А перед глазами возникла картина, как суетилась её мать перед властной старшей сестрой, после смерти отца, когда та выговаривала ей, что она купила слишком дорогие продукты и при таком ведении хозяйства они скоро пойдут по миру, а когда она, младшенькая любимица пыталась встать на защиту мамы, мать лишь руками махала со словами: «Девочки, не ссорьтесь!»
- Прекрати, Нина, идеализировать прошлое, - раздался голос вечно возражающего второго я. - Забыла, как неслась из дома в молодости музыку слушать, чтобы избавиться от, как тебе казалось, чрезмерной опеки старших, которые всю ночь разыскивали тебя, а ты беспечно наслаждалась музыкальными изысками на даче у случайных знакомых, оправдываясь любовью к музыке.  
- Да, музыка дарит мне ощущение счастья и гармонии. Она – мой великий целитель, верный друг, собеседник. В любом настроении можно подобрать музыку созвучную состоянию души. В минуты печали и горести достаточно вспомнить любимые мелодии, мысленно напеть их и всё вокруг преображается. Я испытываю благодарность композиторам, исполнителям, дирижёрам, которые дарят слушателю огромный неисчерпаемый мир музыки. Постоянно испытываю целительную силу волшебных звуков. Одно и то же произведение при каждом новом прослушивании дарит новые эмоции. Каждый талантливый исполнитель при исполнении музыкального произведения обогащает его своим мироощущением, расставляет свои акценты. Мир музыки прекрасен своей неисчерпаемостью.

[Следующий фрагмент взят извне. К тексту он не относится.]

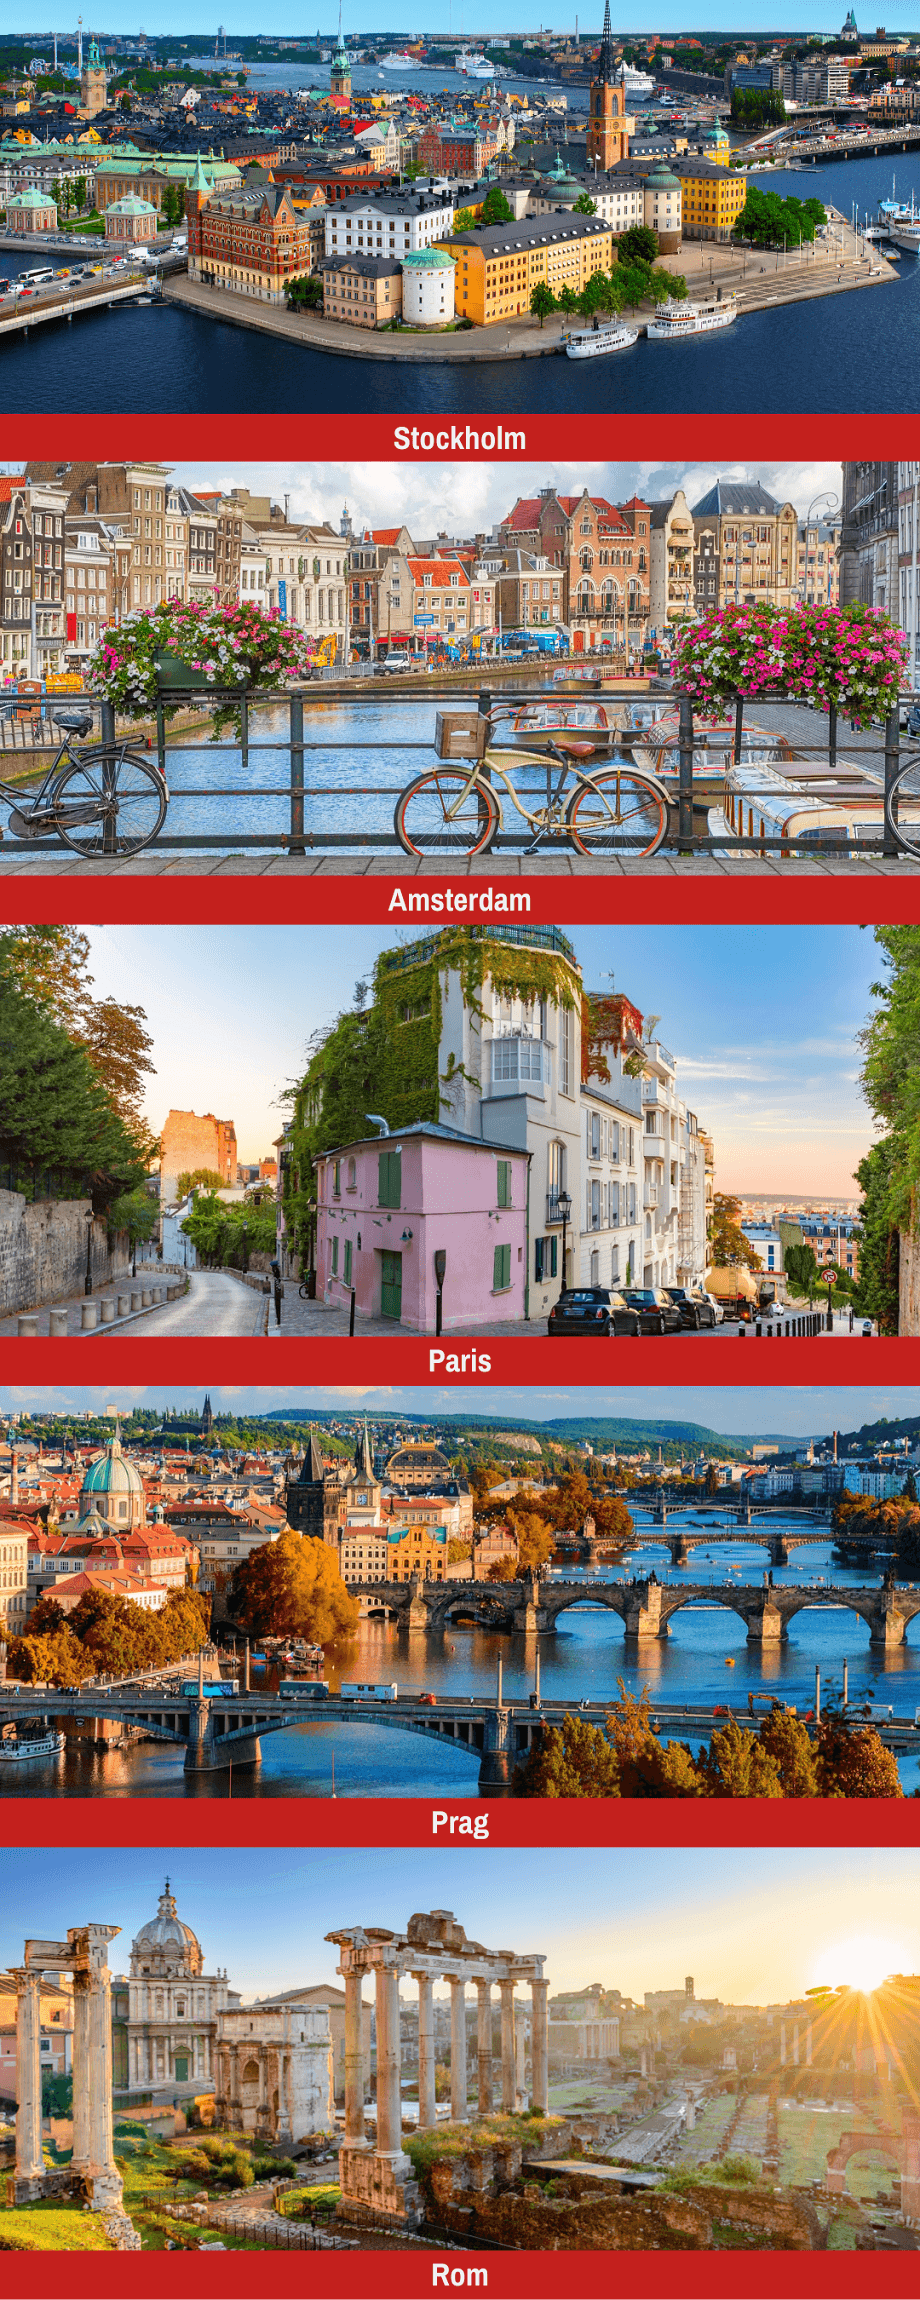 Stockholm, Amsterdam, Paris, Prag, Rom
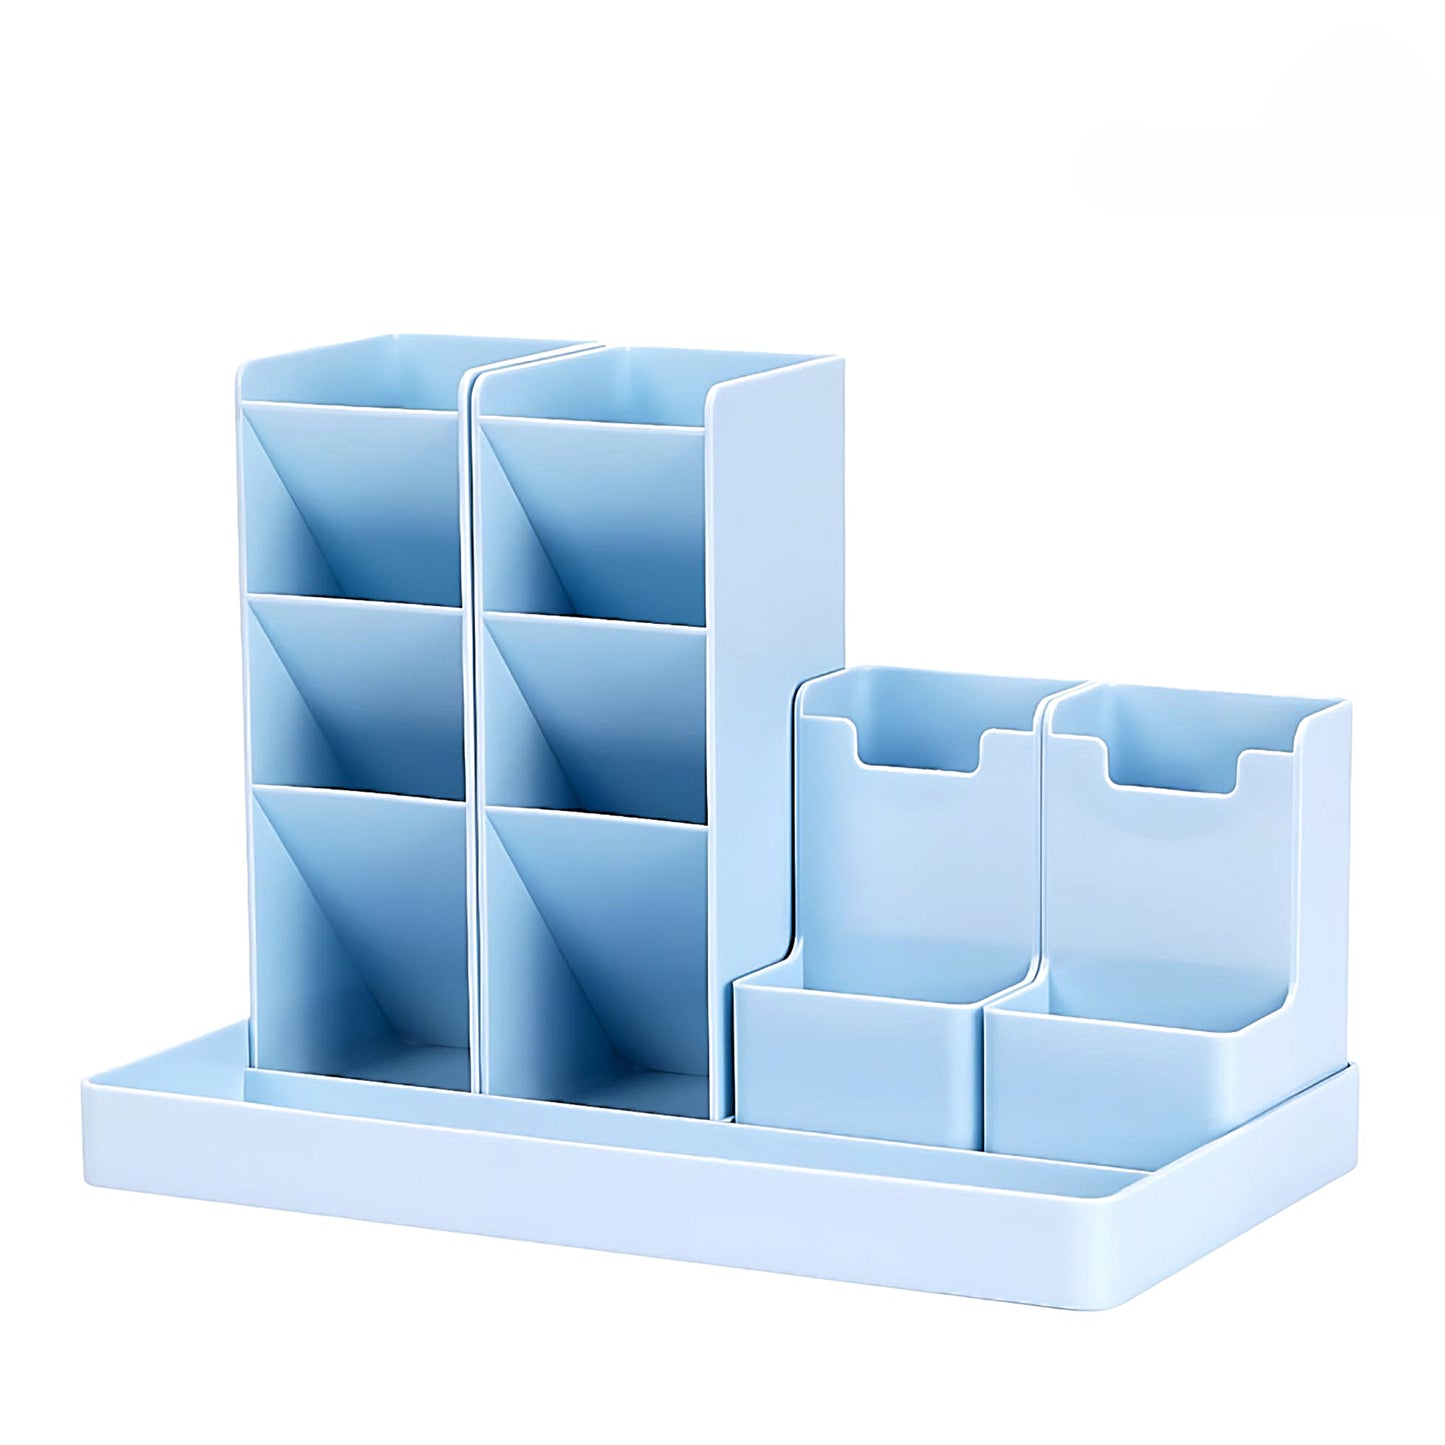 a blue modular desktop organizer on a white background

- Всё так, но предупреждать родных было необходимо. Удивительно, что ты не попала в криминальную историю.
- Любовь родных хранила меня.
- А ты всё испытывала её на прочность…
- Каюсь и молю о прощении каждый день. Сожалею, что не понимала тогда, что творю…
- Помнишь, как сёстры высказывали родителям обиды за то, что тебе всё всегда сходит с рук, а они разводили руками, что ты маленькая такая, глупенькая, но очень добрая и нежная.
- Конечно, помню, но и сёстры баловали меня всячески, куда всё делось, когда мы все выросли! Помню, как однажды мы пошли в магазин со старшей сестрой, у кассы она поручила мне класть покупки в пакет, но меня так заворожили действия кассира, который так ловко и быстро нажимал на кнопочки, брал деньги у покупателя и они исчезали, вот они были только что, миг, и нет их! Дома обнаружилось, что из-за моей рассеянности мы ушли без немецких колготок для старшей сестры, она расплакалась. Но только махнула в мою сторону рукой.